“DEVELOPERS, DEVELOPERS, DEVELOPERS, DEVELOPERS” This is one of the ways Steve Ballmer used to try to rally people to care and build for Windows. Satya Nadella couldn’t be more different. Microsoft is a very different company to what it was a few years ago, and it shows.

Rather than running around on stage, Microsoft now impresses by what it announces. At Build 2015, Microsoft is showing that it truly does care about developers, by announcing that it isn’t going to try to strong arm them to learn a new coding platform, for a platform that, in comparison to iOS and Android, hasn’t seen as much adoption.(as evident by the lack of Windows Phone apps).

Microsoft is fighting back though, and fighting back in the right way. Rather than try to be a lone island, where it tries to encourage people to switch to its platform to use its software, it is extending its apps to iOS and Android. Indeed, the Windows experience on iOS and Android is really rather impressive.

And then, at Build, Microsoft announced something that could make it much, much easier for companies to support Windows 10.
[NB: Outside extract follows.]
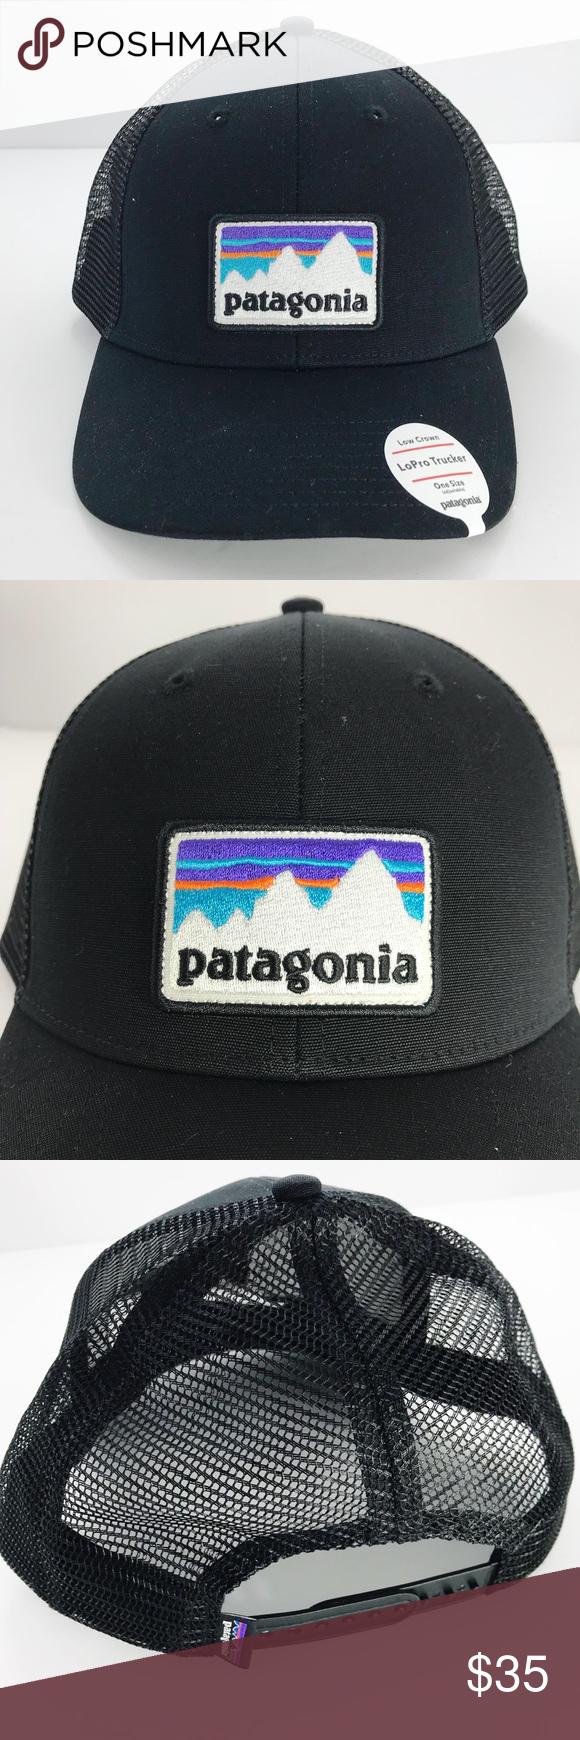 2aecfabd01d Patagonia LoPro Trucker Hat Patagonia Shop Sticker Patch LoPro Trucker Hat  in Black. Low crown
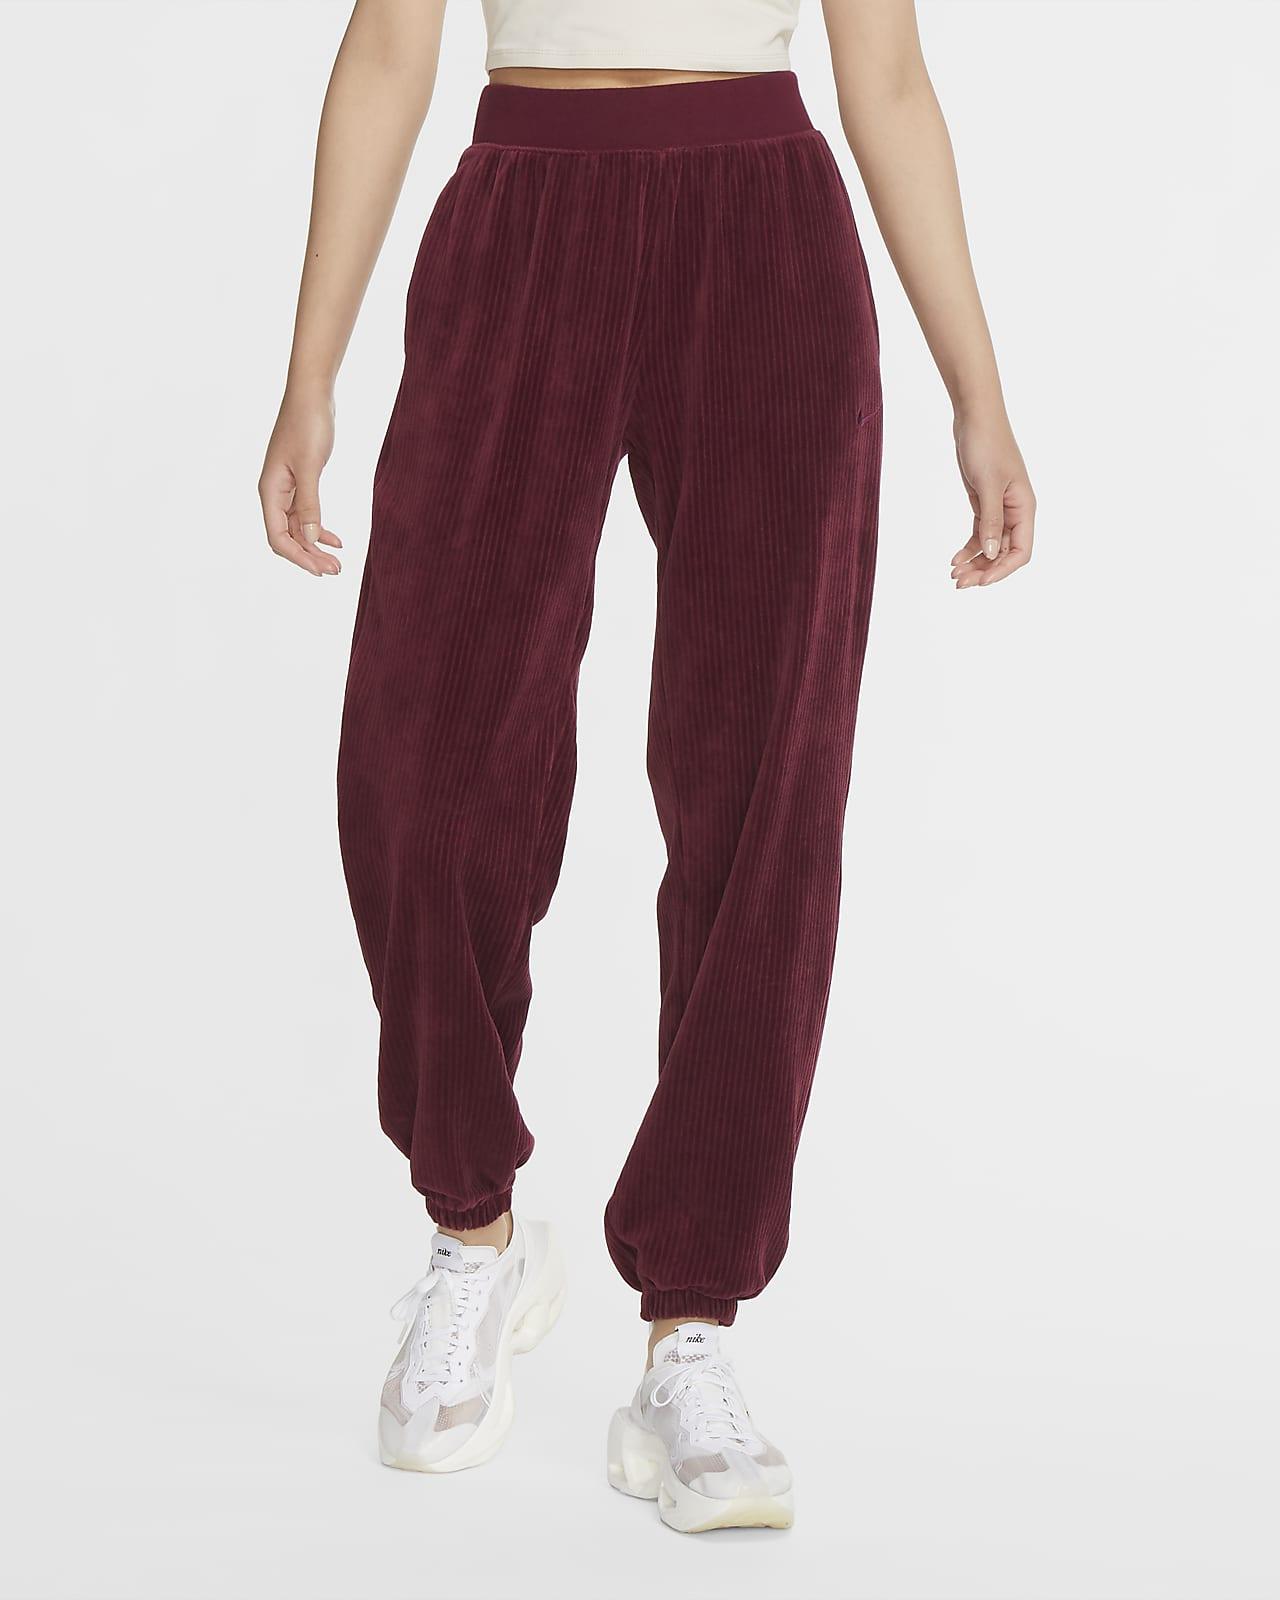 Pantalones de velour para mujer Nike Sportswear

Microsoft is enabling iOS and Android developers to port their apps and games directly to Windows universal apps, with two new software development kits. On the Android side, Microsoft is enabling developers to use Java and C++ code on Windows 10, and for iOS developers they’ll be able to take advantage of their existing Objective C code.

In the enterprise space, we’ve been seeing an increasing number of companies who are choosing to go with Windows as the platform they provide for employees. With many employees bringing iOS and Android into the enterprise over the past few years, many companies have created apps to run on them, to help employees be more productive and efficient. We definitely see Microsoft’s announcement as a positive thing, making it easier to port apps from iOS or Android to Windows 10.

However, this isn’t the first time that a company has tried to create a way to make it easy to port apps to a platform. These tools sound fantastic in theory, but the reality is often far from it. We’ll be very interested to test this out and see whether it truly does deliver on what Microsoft has demonstrated.

We have a large number of clients who have been resistant to create apps for Windows devices, as the market size doesn’t make it justifiable, unless they are creating apps for their workforce. If Microsoft’s announcement helps to change that, adding a relatively minimal cost on top of developing for iOS or Android, it will mean our iOS and Android developers should be able to easily port to Windows 10. It could be a powerful step forward, if it works properly.

Ryan French, head of web development at Mubaloo, said, “I would caveat that you’re probably still only going to get the best experience on Windows by writing a true native app for that platform. That said though, this is definitely something we should investigate further when it comes out, and trial converting some of our existing apps.”